§ **Problem statement**
Pictures do not belong in the copy; quote every entry below exactly.

§ **Data records**
·····

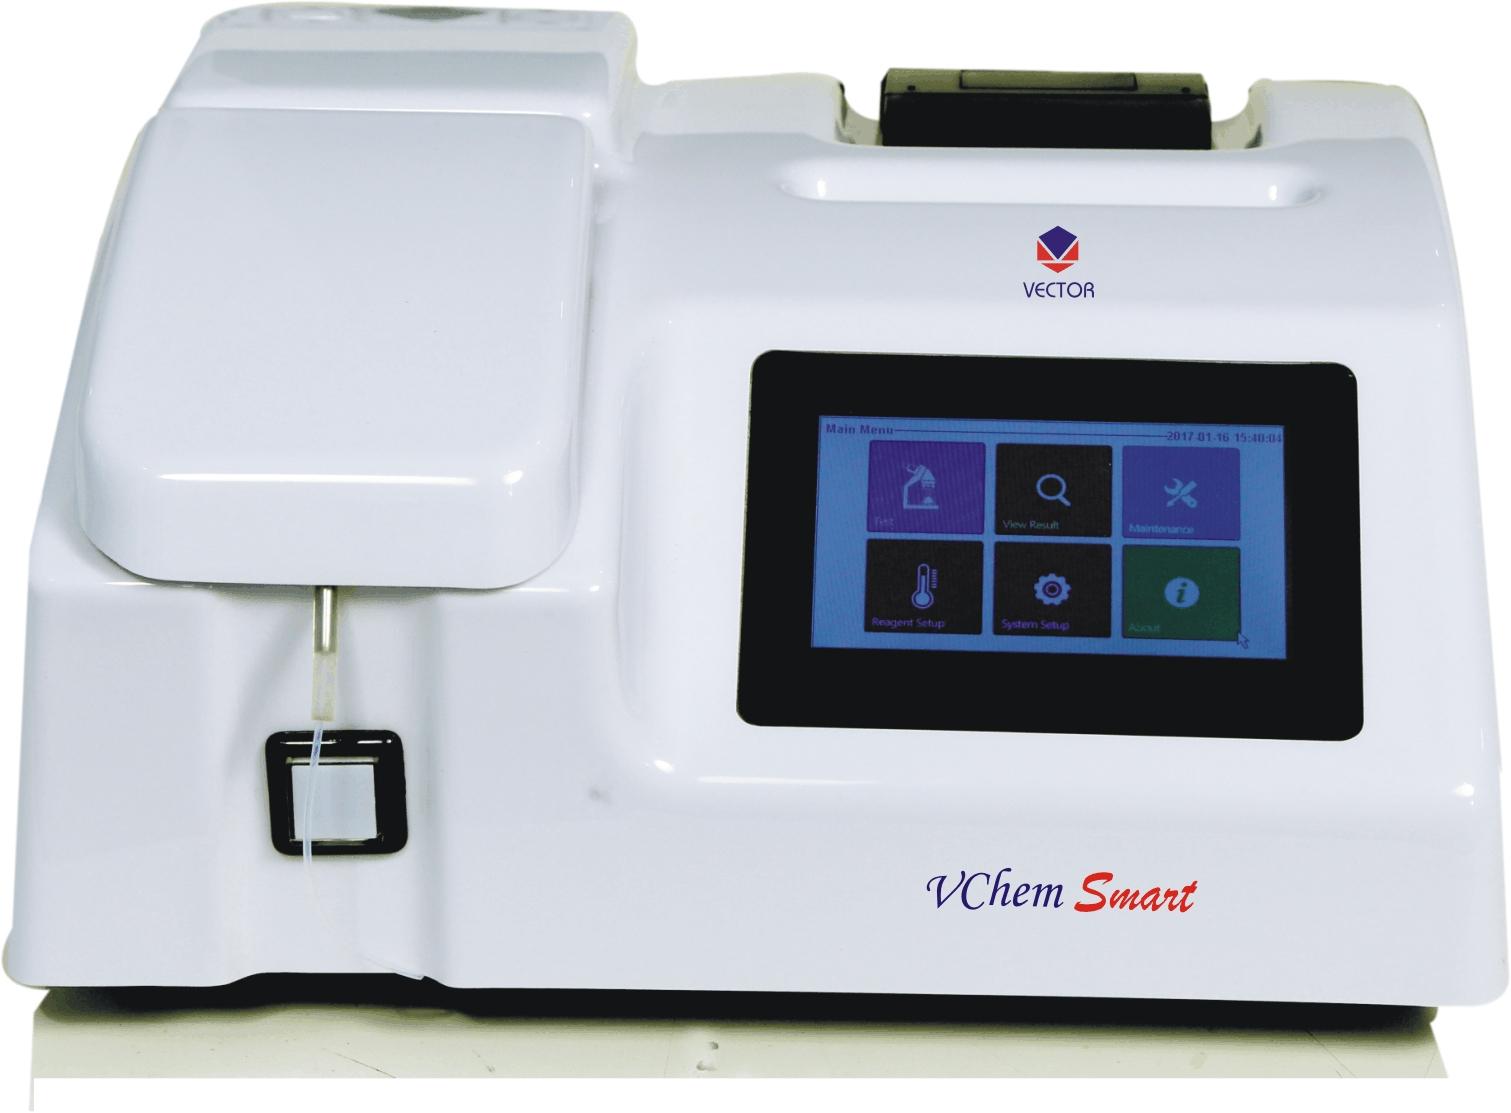 Vchem Smart - Semi auto biochemistry analyzer | Beacon
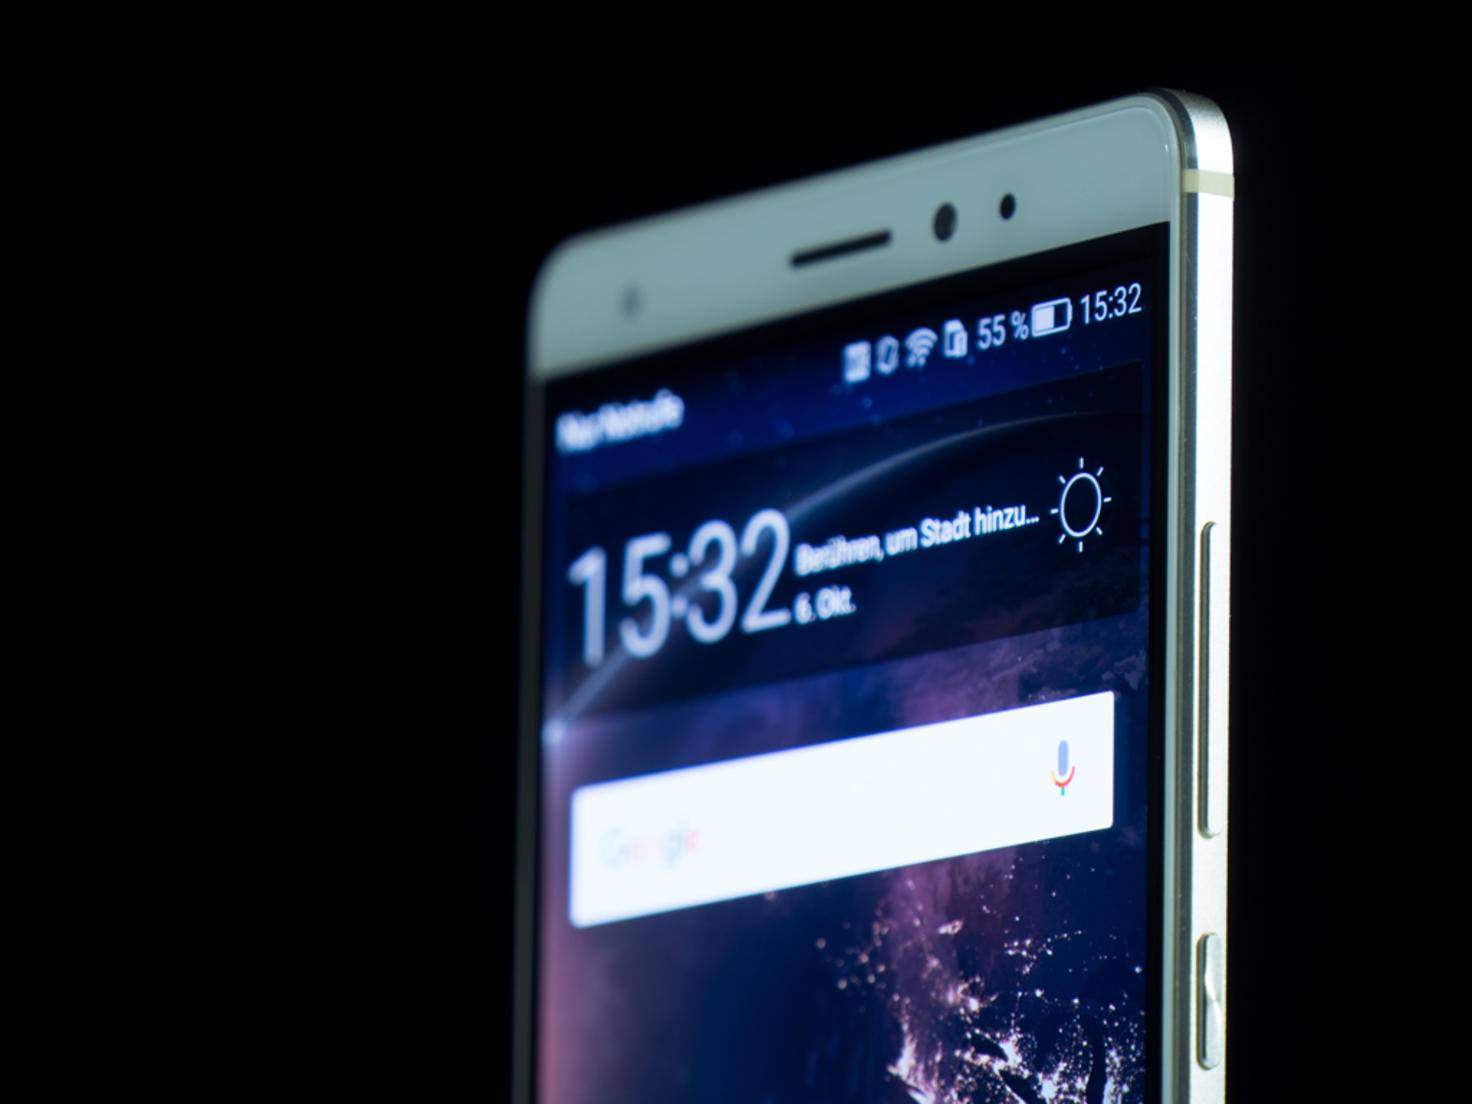 Das Huawei Mate S macht optisch einiges her.
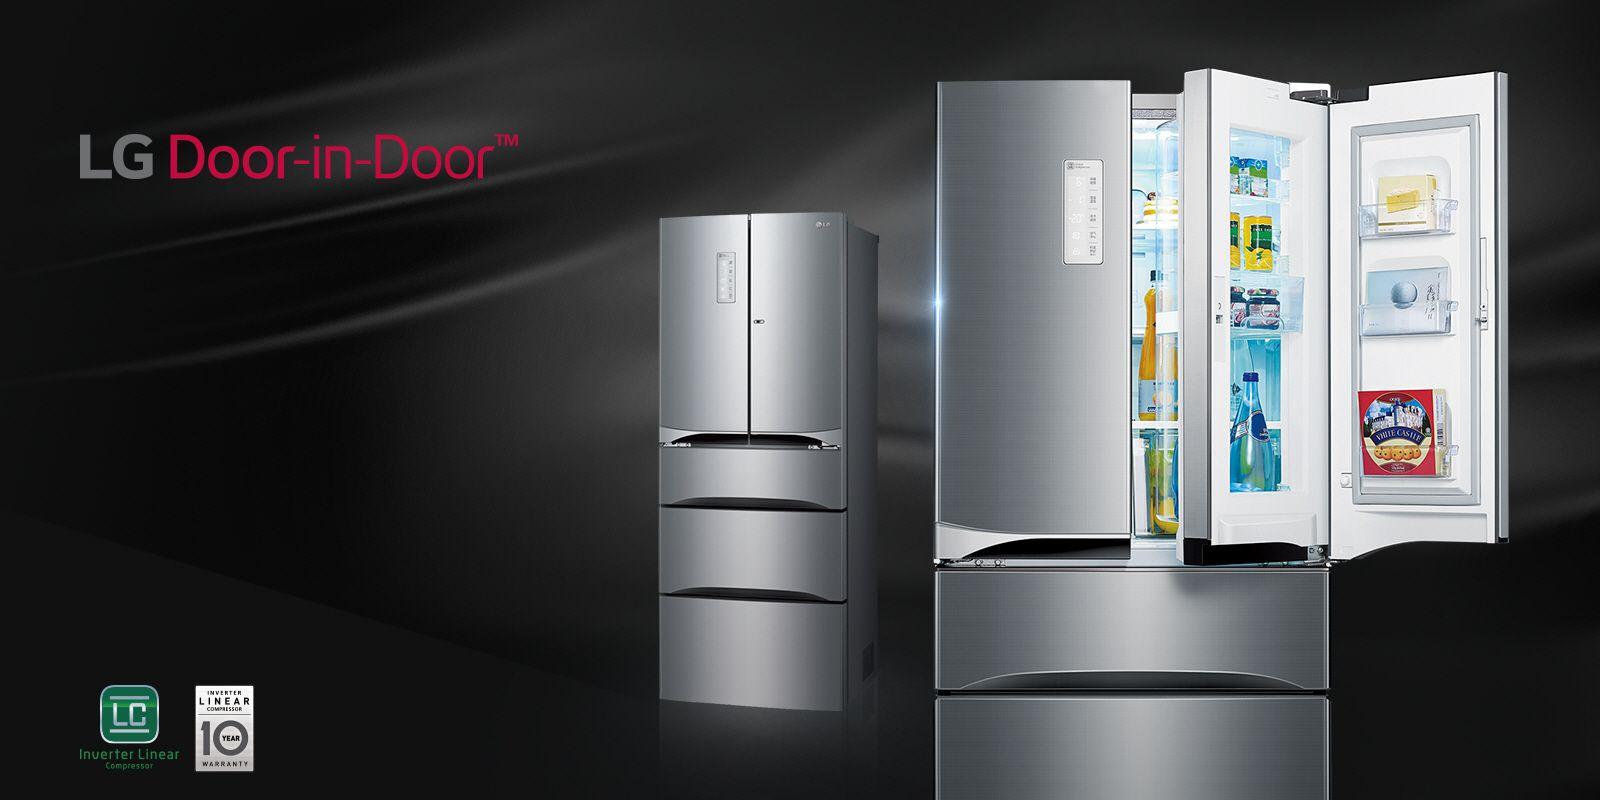 Lg Fridge Freezers Tall Narrow Wide Refrigerators Lg Uk
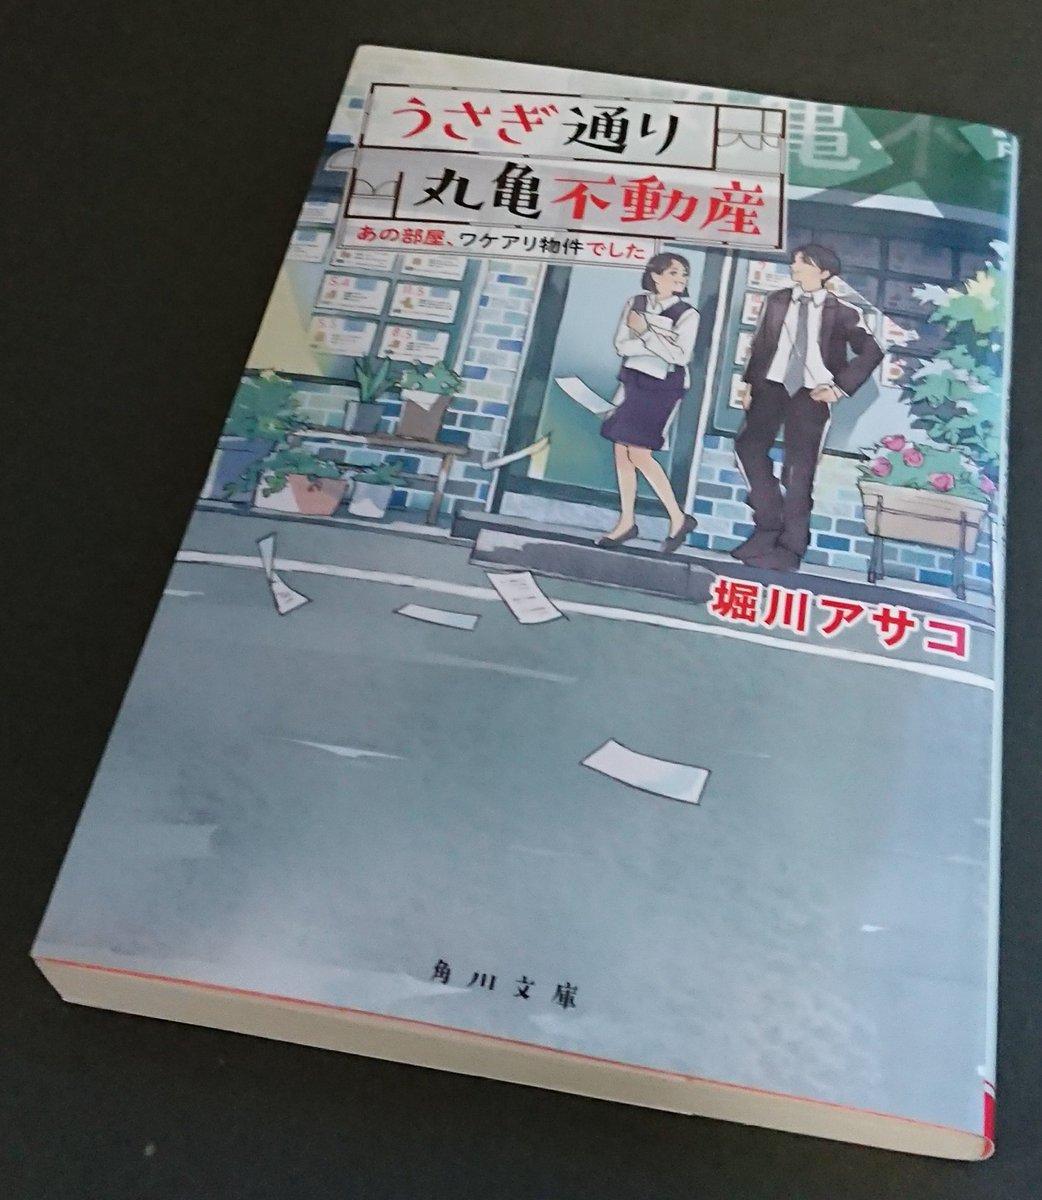 読んだ文庫本 #読了堀川アサコさんの「うさぎ通り丸亀不動産 あの部屋、ワケアリ物件でした」やっぱりうさぎとかめは仲が悪いのかな、店長同士ですが・・・。#堀川アサコ#角川文庫
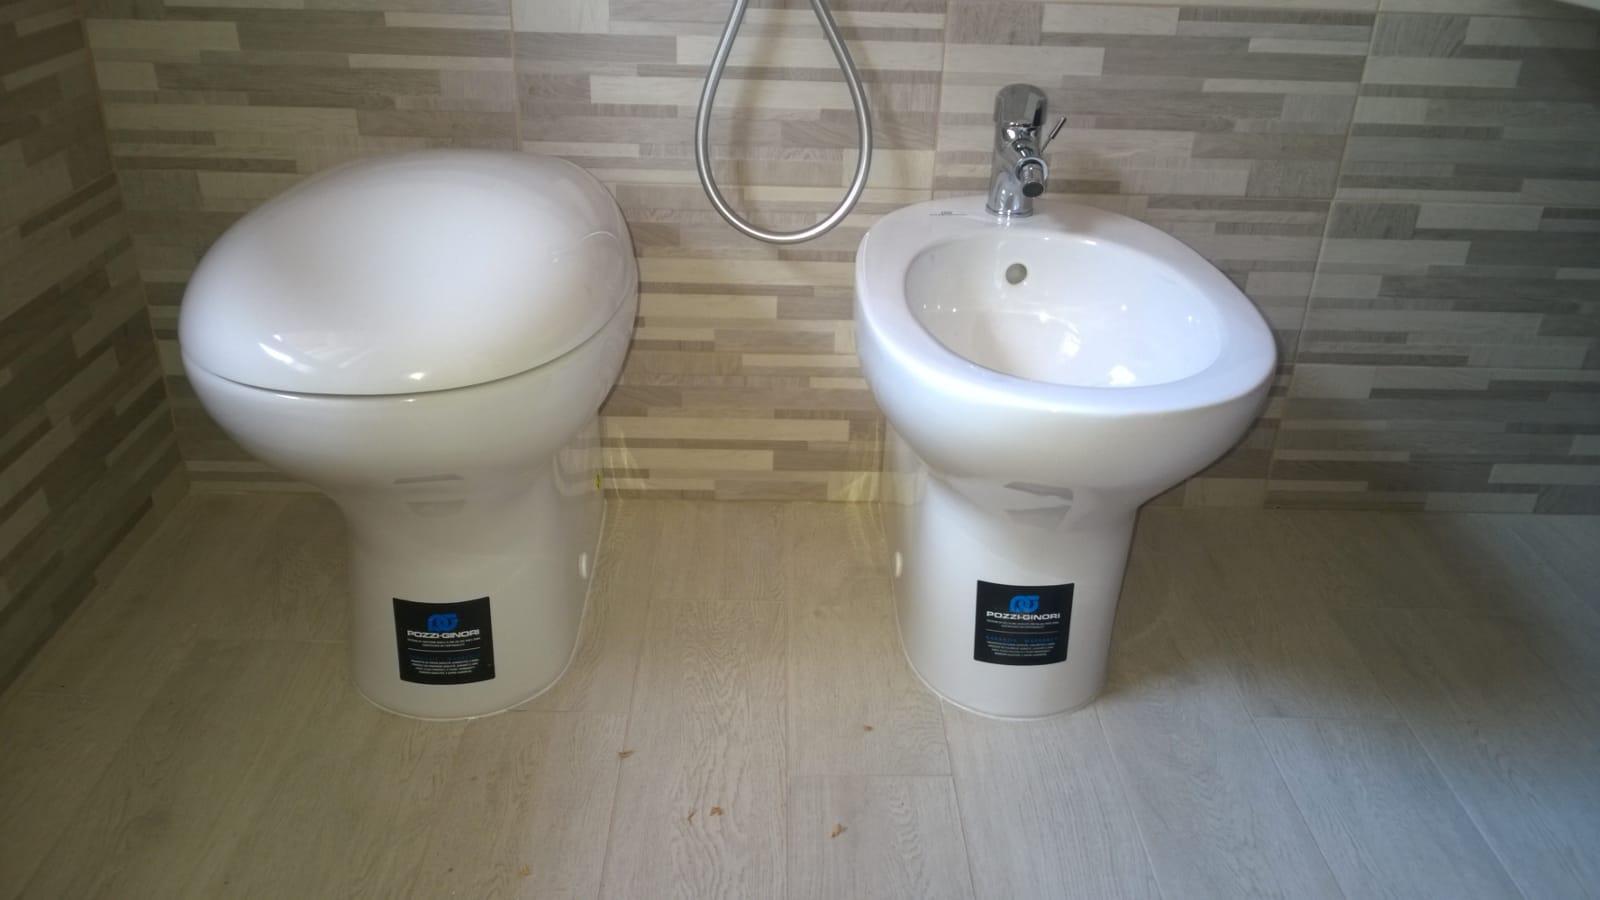 Rifare il bagno parma fidenza u ristrutturazione interni casa

·····

§ **Your response**
 Vchem Smart - Semi auto biochemistry analyzer | Beacon
 Das Huawei Mate S macht optisch einiges her.
 Lg Fridge Freezers Tall Narrow Wide Refrigerators Lg Uk
 読んだ文庫本 #読了堀川アサコさんの「うさぎ通り丸亀不動産 あの部屋、ワケアリ物件でした」やっぱりうさぎとかめは仲が悪いのかな、店長同士ですが・・・。#堀川アサコ#角川文庫
 Rifare il bagno parma fidenza u ristrutturazione interni casa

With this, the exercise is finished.